反射的に辺りを見回すが、何もおかしいことは起きていない。
規則的に点在する駐車場のライトから降り注ぐ光の柱には何の変哲もない。
立っている何者かの姿が照らし出されている、ということもない。
念のため暗闇に目を凝らすと、そのはずみで鍵がポケットから落ちた。
「合鍵⑤」そう書かれたタグのくっついた、ホームセンターの事務室のシンプルな銀色の鍵だ。
私が誰かに殺されてこの鍵を奪われたとしても、他の社員のスペアであっけなく事務所の鍵は開くことだろう。
そして誰かが言うのだ。「最後にカギ閉めたの誰だっけ?」と。
私の存在なんて、シフト表の「田中」の二文字以上の実体はないんじゃないかとさえ思う。
そう言う小さなことからも、私は私としての唯一性の希薄さを見つけ出してしまう私自信が、心底嫌いなのだ。
「疲れている」の一言で片づけられてしまう些細な心象を私は頭から追い払うように、サナへと言い返した。
「私が危険って言ったの?」
無意識に、少し毒気のある言い方になっていたかもしれない。
どこか皮肉気に、私の口元は笑っていたから。
私を気遣う言葉に、体勢が取れなかっただけなのだが。
『ミユキがそう言ってたんです。今日、アガタさんを一人にしたら死んじゃうって』
「はい?私が死ぬ?どうして?」
『わからないですよ、そんなの。言い出したのはミユキだもん』
困惑したように、サナは答えた。
そりゃ、希死念慮はある。ずっとそうだ。
例えインドに行ったって、このクソみたいな世界も、クソみたいな私も、決して変わることはない。
クソみたいなキャラクターで始めたクソみたいなゲーム、エンディングに興味がないならさっさと電源を切った方がましだと、いつも思っている。
でも、それが今日だって?
再び、辺りを見回す。
静かな夜の後継はすでに落ち着きよりも先に、恐怖を感じさせる暗黒に塗り替わっていた。
ライトの光の下には何も見えないという事実が、そこ意外の暗闇に何かが居るという認識に挿げ変わり、急に怖くなってきた。

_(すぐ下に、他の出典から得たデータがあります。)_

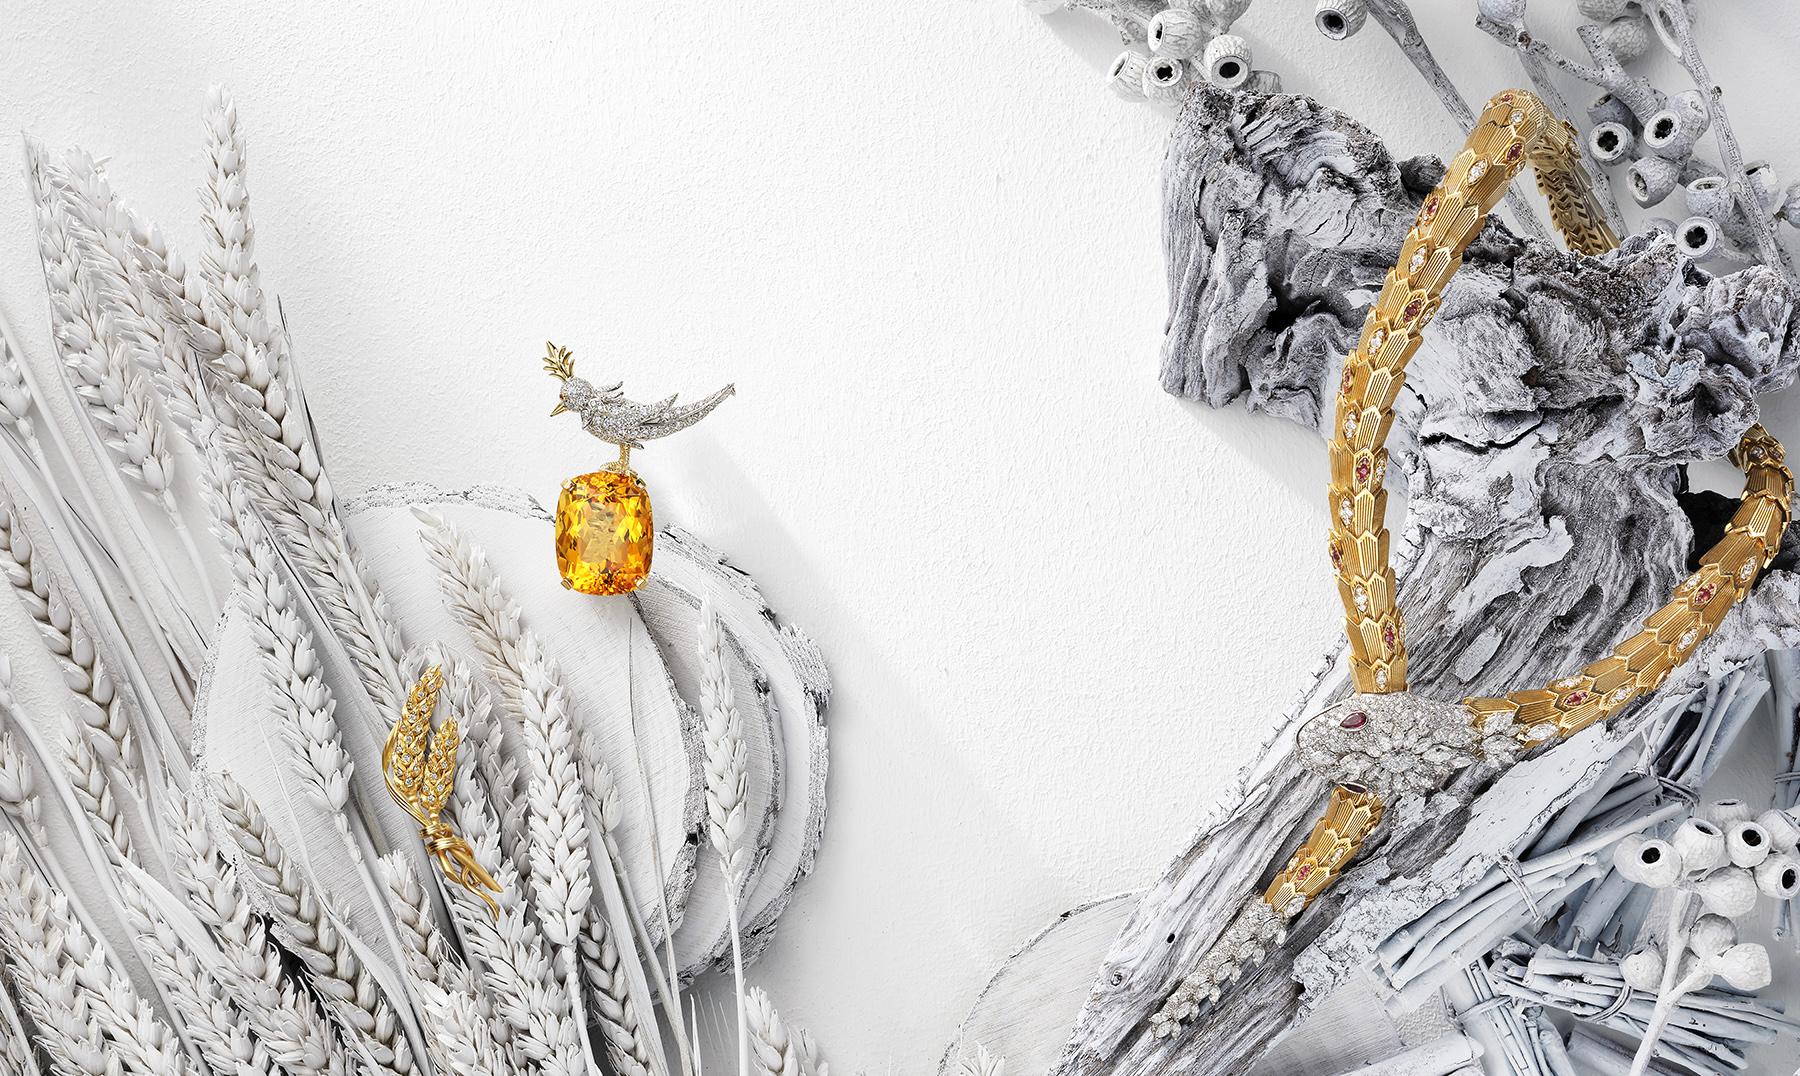 Chaumet L'Épi de Blé de Chaumet 18K 黄金镶钻胸针。 Tiffany & Co. Schlumberger 高级珠宝系列 18K 金与铂金黄水晶石上鸟胸针。 Bvlgari Serpenti 系列顶级白 K 金与黄 K 金红宝石和钻石项链。

―――それは確か、ボロい布切れをまとった、骨だけの姿をしていたはずだ。
「まさか、死神」
『・・・もしかして、見ちゃったんですか?』
こういうので一発で当たることあるんだ。うわー。
サナは否定しなかったが、死神って。いや死神って。
そこはそれこそオバケとか、そういうのじゃないの?
そもそも、現実に死神なんていないに決まってるのに。
名前を書いた相手が死ぬノートでもくれるのか?
・・・もらったところで使うイメージが湧かないが。
そんなことを考えた瞬間、ジジッ、という嫌な音がした。
正面を見ると、駐車場のライトがチカチカと点滅したかと思うと、ふっと消えてしまったのだ。
で、出来すぎたタイミングだ。仕込みに決まっている。
『見ちゃったなら、すぐに忘れて下さい!』
電話で急に大声を出すもんだから、びっくりして携帯電話を落としてしまった。
それを拾おうと屈みこむと、じっとりとした嫌な汗が首筋を垂れた。
顔をもたげて、暗闇を見つめる。
いる。私を見ている何かが、間違いなくそこにいて、今目が合っている。
一時もこちらから目を離すまいとする、貪欲な視線。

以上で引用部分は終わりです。